How ageism is inbuilt - research explains our own-age bias

Ageism isn’t anything new, but now we may have a few more clues as to why we have age biases.

Young people may automatically prefer the company of people their own age, as opposed to those who are older. Flinders University researchers have found that our perception of a person’s age and appearance change how we respond to them. Our ‘own-age’ social bias is a process determined by neuronal processes on a low level.

We are still socially conditioned for biases, but there appears to be a subconscious response even to an ambiguous face or figure, researcher and psychology professor Mike Nicholls said. Nicholls said this explains why we would hang around with people our own age when we are young, but old and young when we are older. This creates a difficulty in the workplace, as young people will choose young people out of an inbuilt preferencing system that they are not aware of.

The study was conducted in the United States on adults aged 18 and over and a sample study in another country were shown an image of an ambiguous figure of a woman (the old-young illusion), which can look either old or young depending on what you look at, and asked to accurately guess her age.

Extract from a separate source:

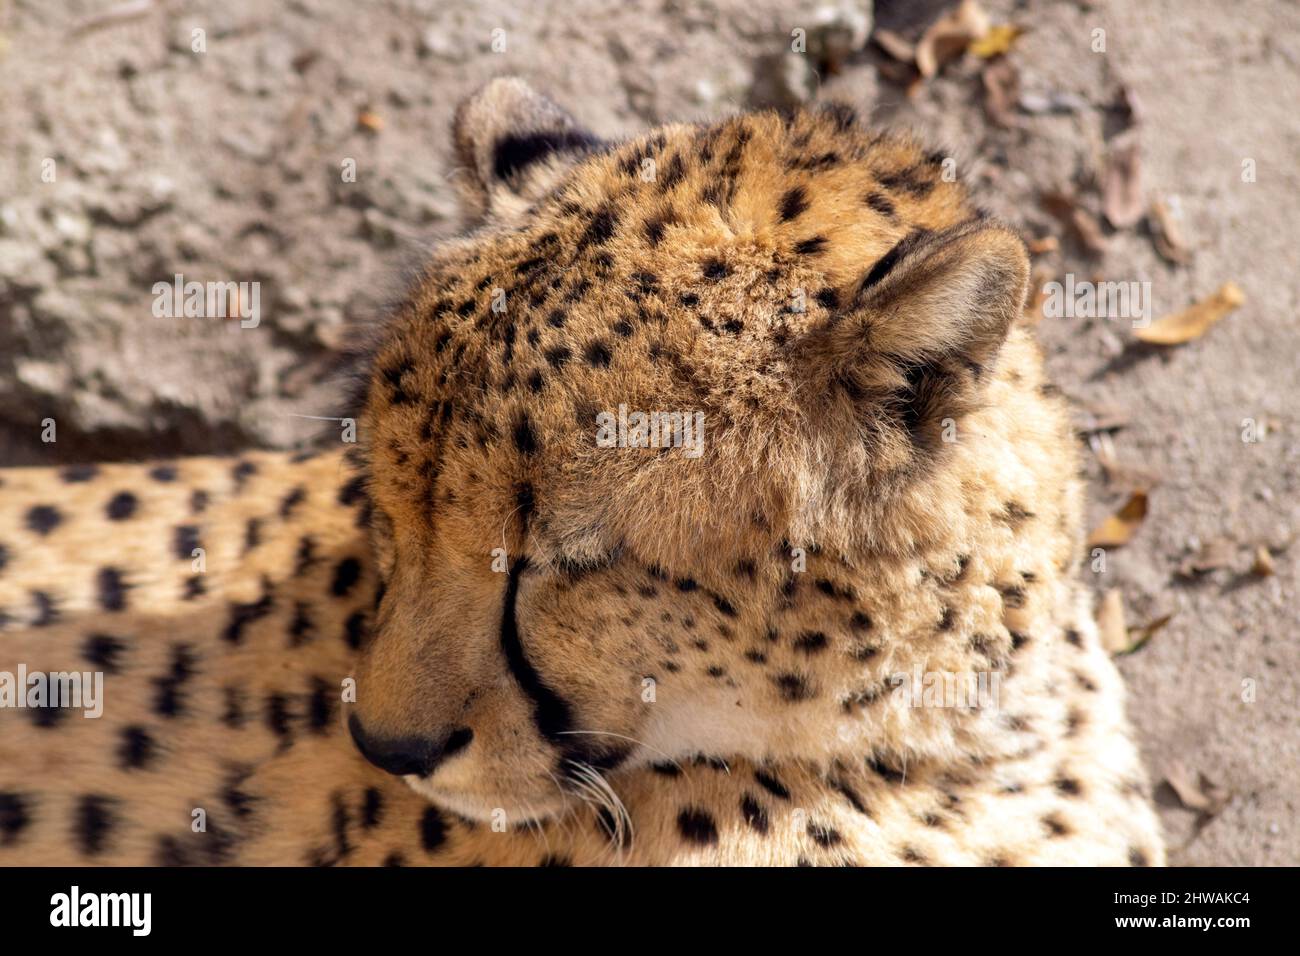 The cheetah portrait, resting, (Acinonyx jubatus) is a large cat native to Africa and central Iran. It is the fastest land animal.Threatened species. Stock Photo

Older and younger participants estimated the age as nearer their own. The abstract explains the conclusion of the study as:

“This own-age effect ties in with socio-cultural practices, which are less inclusive towards the elderly.

“The results therefore demonstrate that high-level social group processes have a subconscious effect on the early stages of face processing.“

What this means is that to overcome this unconscious bias, training would be required to overcome it.

 ‘Perception of an ambiguous figure is affected by own-age social biases,’ (2018) by MER Nicholls, O Churches (Flinders University and T Loetscher (University of SA) has been published in Scientific Reports (Nature Publishing Company) Volume 8, Issue 1, 1 December 2018, Article number 12661.